Under an indictment for being a common seller of spirituous and intoxicating liquors on a day specified "and on divers days since," the proof must be confined to acts done on the day specified.
DEWEY, J. The only questions before the court upon this bill of exceptions are those applicable to the first count in this indictment, which charges the defendant with the offence of being a common seller of spirituous and intoxicating liquors "on the first day of October in the year of our Lord one thousand eight hundred and fifty five, and on divers days since."
Upon the trial of the defendant, his counsel objected to any testimony of any sales by him after the first day of October 1855. But the presiding judge ruled that, under this form of indictment, it was competent to introduce evidence of sales made at any time between said first day of October and the time of finding the indictment by the grand jury; and such evidence was accordingly introduced. The question is as to the correctness of this ruling.
It is essential to every indictment that there be a time specifically alleged as that in which the offence was committed. In cases of indictments charging a single act, a day certain must be stated, though it may not be necessary to prove the offence to have been committed on that day. Another class of offences authorizes and may require a more extended allegation of the time in which they were committed; as where a series of acts may enter into and constitute the offence. Such is the case of being a common seller. Sometimes the fact may be established
by the acts of the party done on a single day; and therefore an indictment for this offence, alleging it to have been committed on some one particular day, would be a good indictment. But usually in practice, and from the necessity of the case, it alleges the offence as having been committed by a series of acts done on different days named in the indictment, charging them to have been committed on a particular day named, and divers other days between that day and some other subsequent day particularly named; or as committed upon a particular day named, and divers days between that day and the time of finding the indictment. These forms of indictment have, in reference to this class of offences, been fully sanctioned by this court. Commonwealth v. Elwell, 1 Gray 463 , and cases there cited. Commonwealth v. Wood, 4 Gray 11 .
Under these forms, it has also been repeatedly held that the time alleged is material, and the prosecutor is limited to the precise period specified in the indictment. All acts, occurring either prior or subsequently to the period of time thus charged, are excluded as substantive acts, and are not admissible under such an indictment. The government have the right to charge the offence as a continuous one, to be established by proving a series of acts, but is held strictly to the precise period charged.
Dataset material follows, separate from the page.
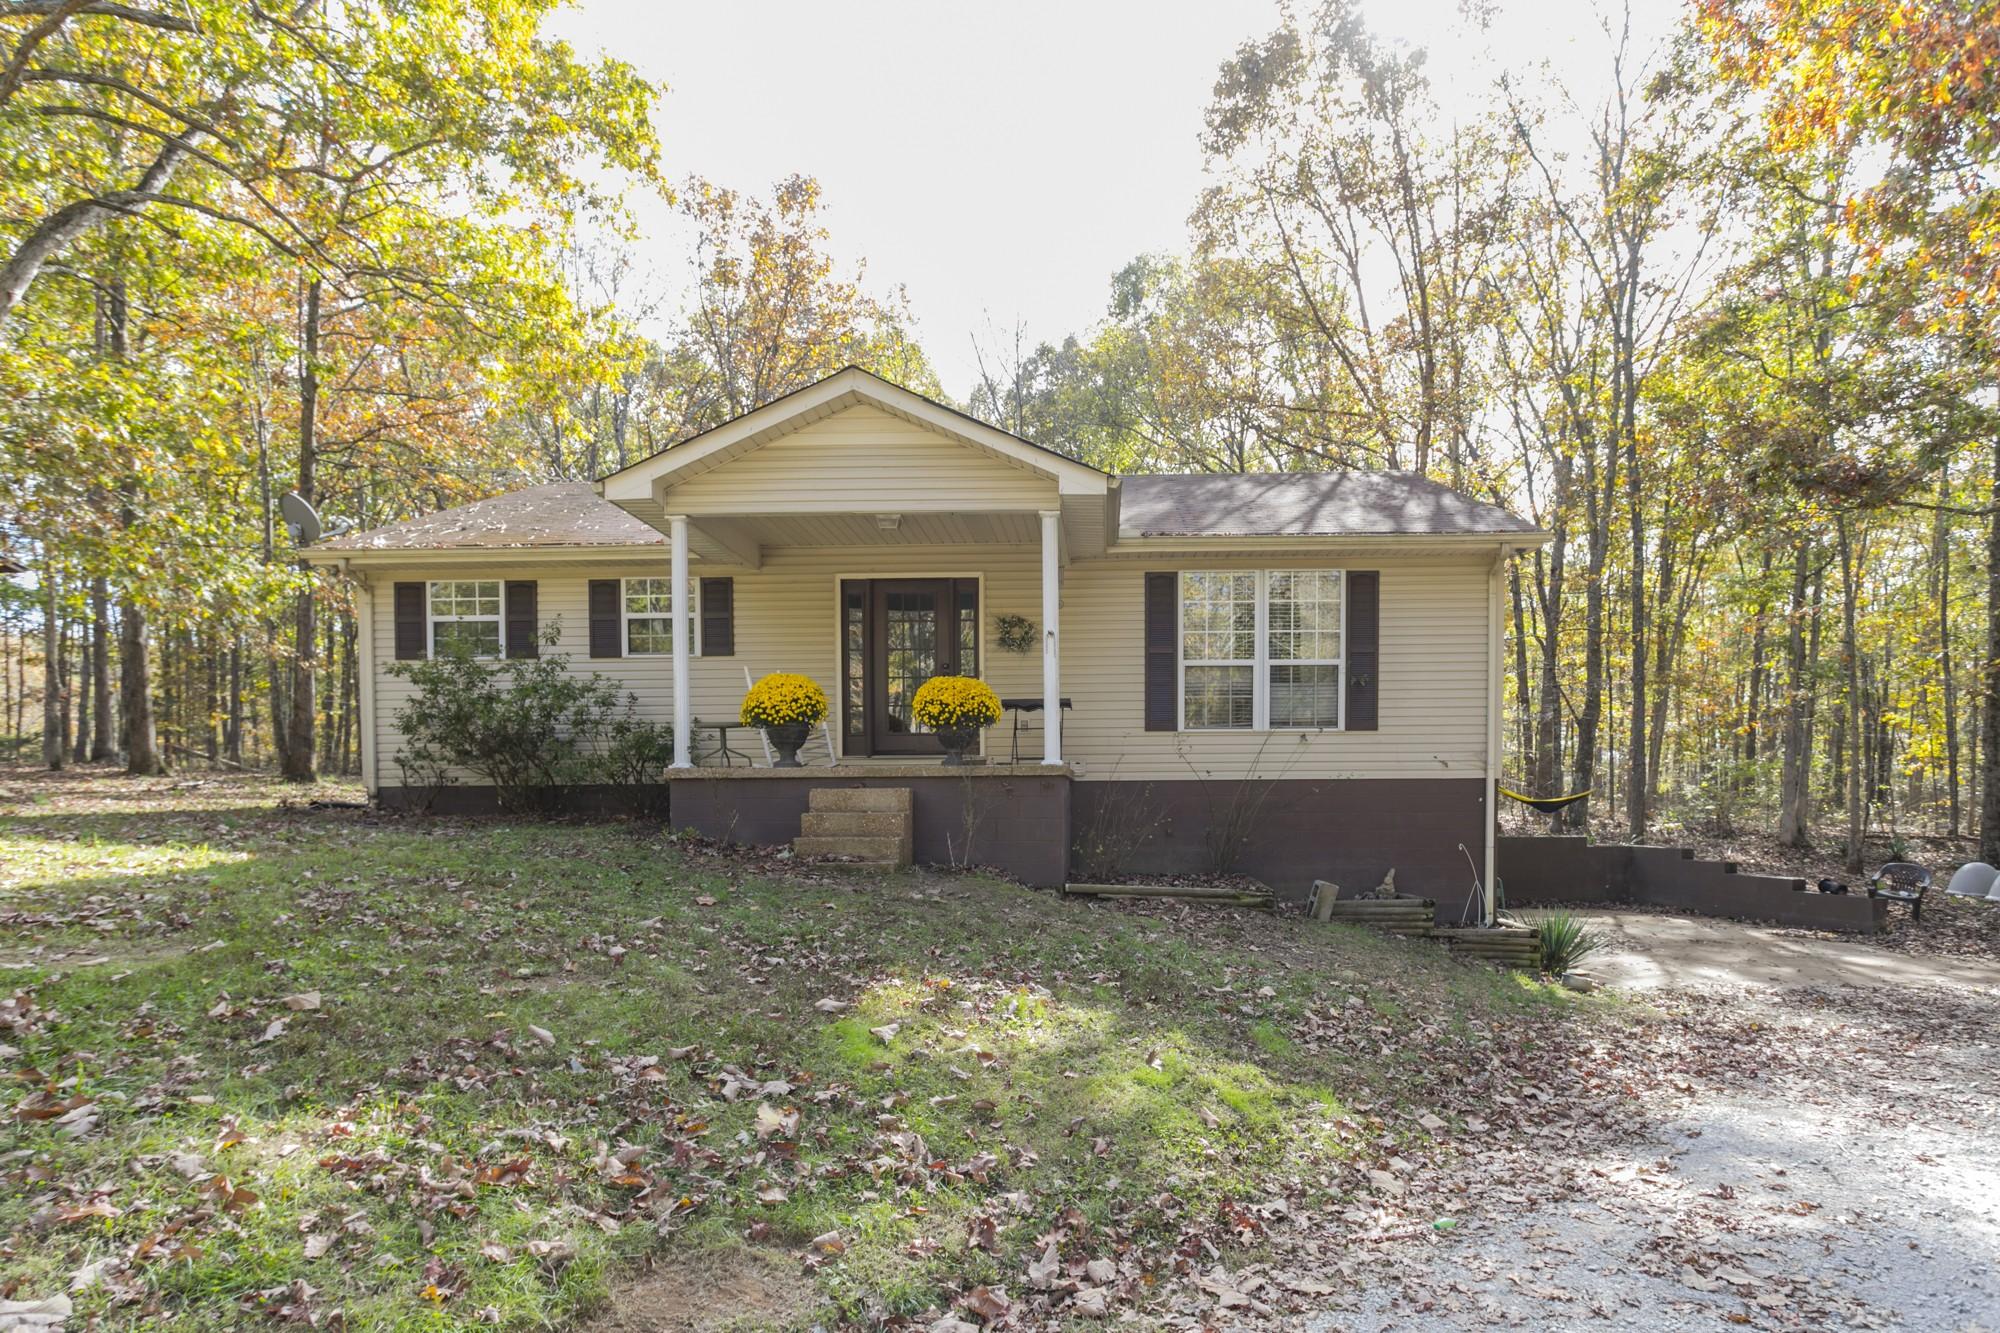 1161 Joe Plunkett Rd, Centerville, TN 37033 - Centerville, TN real estate listing

The question arising here is, whether an allegation that the defendant, "on the first day of October in the year of our Lord one thousand eight hundred and fifty five, and on divers days since," does allege any certain and definite time subsequent to the first day of October. If it does, then it was competent to introduce evidence tending to prove sales of liquor after the first day of October. If not, then the only time specifically charged was the first day of October, and all evidence of acts subsequent to that day should have been excluded.
Upon looking at the books of precedents, in which offences charged are not limited to a single specified day, we think it will be found that one or the other of the forms to which we have alluded has been adopted. The mode adopted in the present case, of stating the time as between a certain time named,
"and on divers days since," is, we think, a departure from that certainty of legal language which should be required. This phrase may include the whole period from the first day of October to the time of the finding of the bill; but, as legal language, it is not that certain, definite period of time, which the government should set forth in an indictment, where the time alleged is material. The objection is, that these words do not fix a day certain, or a period limited precisely in duration. The court are of opinion that, under this form of indictment, no offence is well charged except that of being a common seller on the first day of October, and that the evidence tending to prove sales after that day was improperly admitted.
J. W. Perry, for the defendant.
J. H. Clifford, (Attorney General,) for the Commonwealth.